Narrative Lectionary Key Verse for Today

Whoever listens to you listens to me, and whoever rejects you rejects me, and whoever rejects me rejects the one who sent me.
— Luke 10:16

NL Daily Devotion for Friday, March 7, 2025

by R. M. Fergus, Clergy Stuff


This feels like a reversal of Tuesday’s text. Then, whoever wasn’t against Jesus was for him. Now, whoever is against one of Jesus’ followers is against Jesus, and therefore against God. Which, you know, is okay if the follower is actually carrying Jesus’ message of love and service. But it gets tricky when different people try to find a definition of what it means to “reject Jesus.” Does that simply mean not believing that Jesus is divine? That Jesus’ is the only way to eternal life? I don’t hold with that theology, if even if that’s what the text seems to be saying. I’m pretty sure that Jesus’ death and resurrection resulted in the redemption of and salvation for all of creation, full stop.
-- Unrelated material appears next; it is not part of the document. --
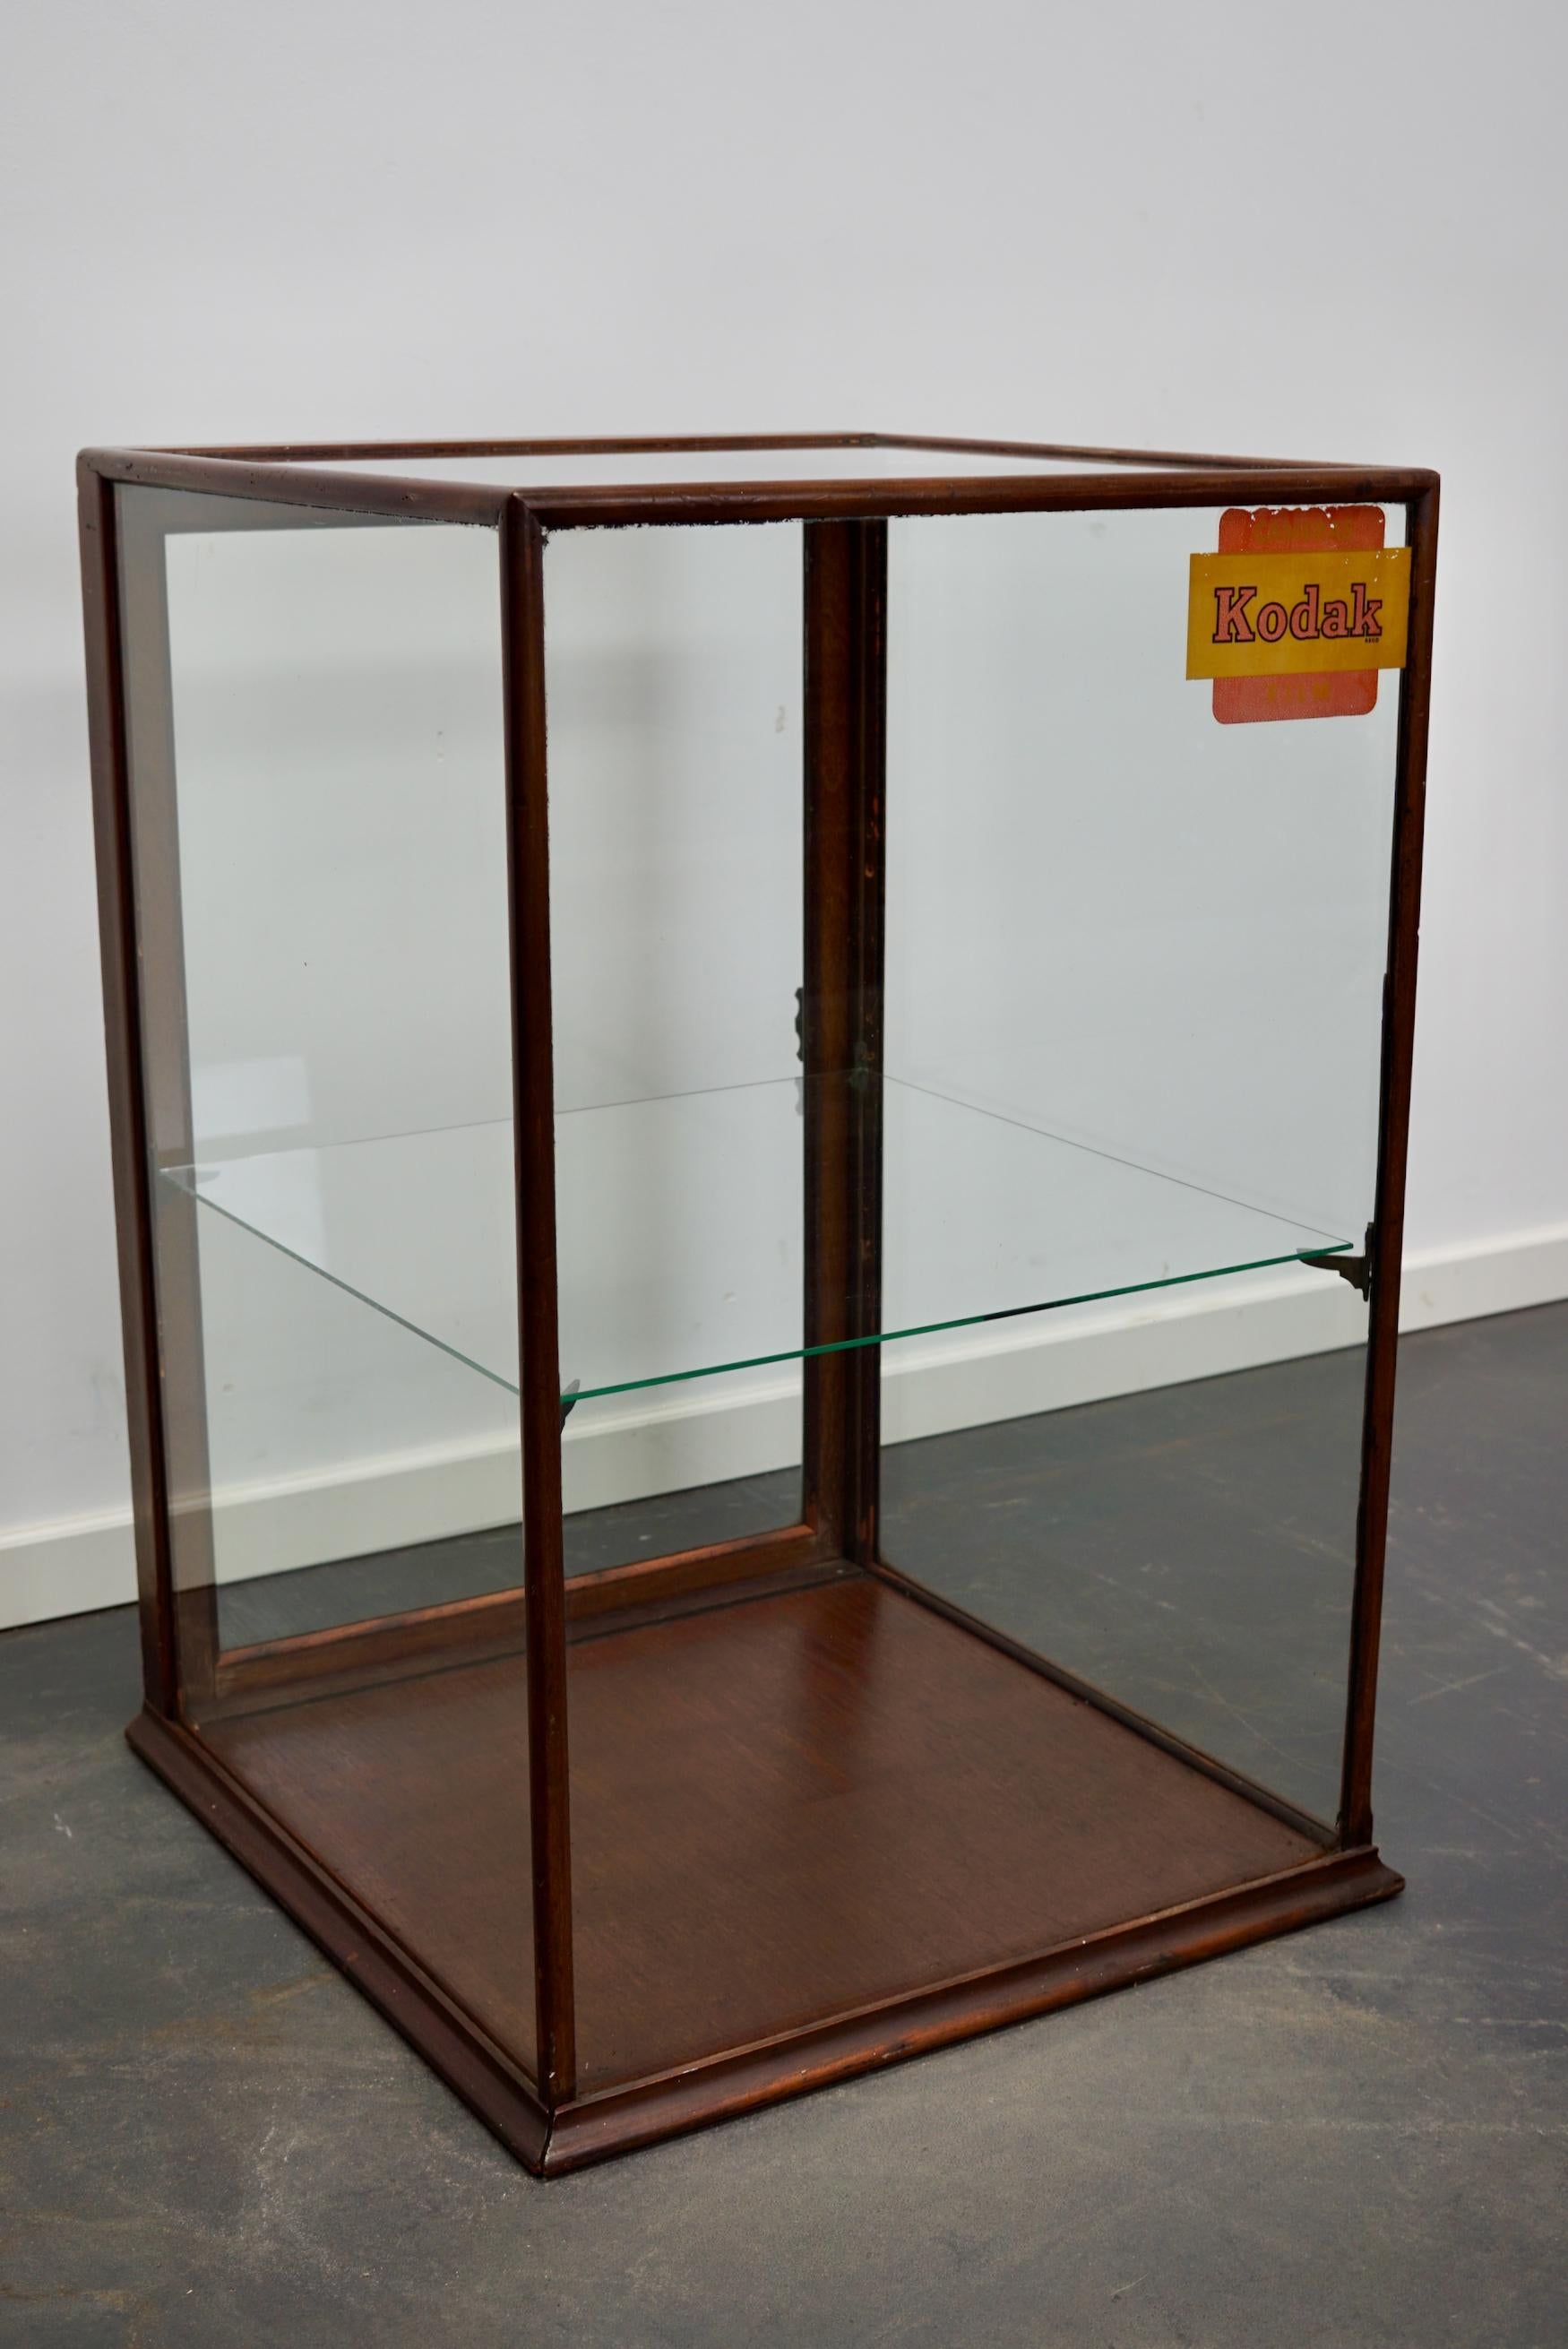 A museum quality Victorian mahogany display cabinet. This outstanding cabinet has a glass door fitted with the original knob handle. At some point in it's life it was used in a camera store.

So, you know, you don’t have to actually even believe God exists to be saved.

How, then, to interpret this text for us today, in the here and now? I’m convinced that Jesus’ simple message of unconditional love and humble service is universally applicable, no matter what your particular spiritual beliefs. And I’m pretty sure (from experience, actually) that when you reject this basic premise and try to live your life from a position of self-absorbed wish-fulfillment (yep, experienced that, too) then yeah, you reject God, who is out there banging on the door, trying to get in and lavish unbelievable love and grace and flourishing and wholeness and all kinds of good things on you, and, um, you’re not opening the door because you’re mad you couldn’t make the other people in your life follow your script for how they should be in order to make you happy. (Yikes).

At some point, we (okay, I) need to open myself up to the people around me who might have some insight into who Jesus is and what he wants from and for me. And when I do this, and stop rejecting what is so obviously beautiful and for my own good, lo and behold, I get all kinds of goodies, not least of which is freedom from my own petty selfishness. I’m grateful this happened for me in recovery, and continues to happen for me as I practice the principles of said recovery. I listen to the people around me whose experience I trust, and I hear in their words the voice of God. What a gift.

Where in my life am I rejecting God? How do I open myself to receiving God’s communication?